The New York Times and many other media outlets knowingly misrepresented SVP as the only vending advocates in New York City and connected their campaign with the Black Lives Matter protests and other efforts at racial justice. The mayor and even the BIDs all began falling all over themselves describing vendors as the salt of the earth, essential workers and the embodiment of the American Dream.
However, behind the stirring rhetoric about how wonderful and important street vendors are to the city, Intro #1116 was actually a very bad deal for Gotham’s vendors. The law takes vending policy out of the hands of elected officials and puts it directly in control of the BIDs by means of a Street Vendor Advisory Board made up of BID executives, city officials and a token street vendor. Historically, most of the BIDs were started specifically to eliminate vendors.
Removing the N.Y.P.D. from the task of vending enforcement was also a very bad idea for vendors. While occasional incidents of police brutality against vendors have occurred, for the most part, police officers see vending as a very minor problem and actually try to avoid writing any vending summonses.
N.Y.P.D. officers typically ignore vendors unless there is a specific complaint about them, most often called in by a BID executive. By assigning the Department of Consumer Affairs to directly take over vending enforcement, the law will unquestionably increase the number of vending summonses issued and increase the number of arrests of unlicensed immigrant food vendors, the very people Intro #1116 was supposedly written to help.

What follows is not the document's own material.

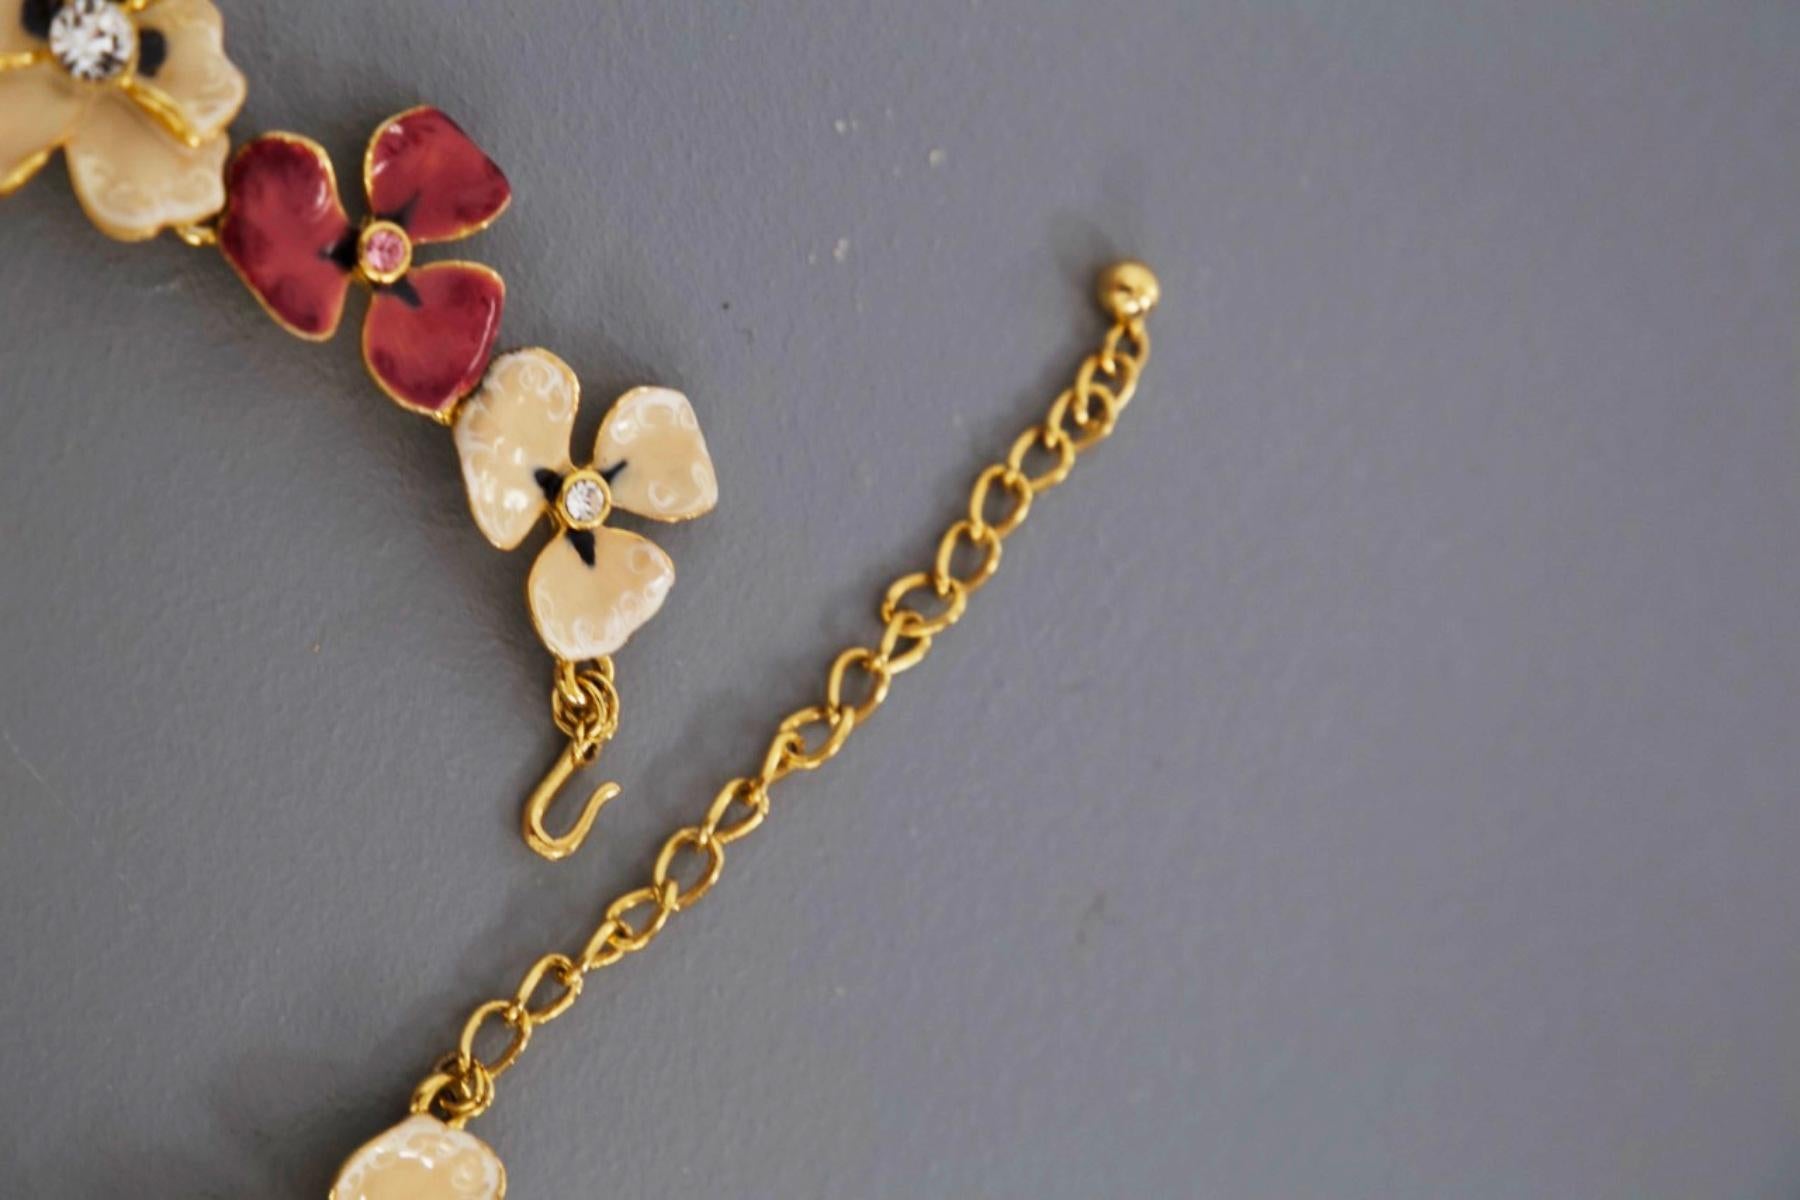 Kenneth Lane Vintage Flower Pendant Necklace For Sale 3

Now, just two months after the bill was passed, the mayor, the BIDs and the media outlets who stirred up the fake churro controversy and pledged their undying love for all vendors, are once again calling for a fierce crackdown on the exact same immigrant vendors they were championing.
As it turns out, the only accomplishment of the Street Vendor Project, a front group partly financed by the New York City Council, was to con the media into believing they were vendor advocates. SVP has repeatedly done more harm to the entire vending community than any BID or elected official ever could.
Robert Lederman is president of A.R.T.I.S.T. (Artists’ Response To Illegal State Tactics). He has been a street vendor since 1961.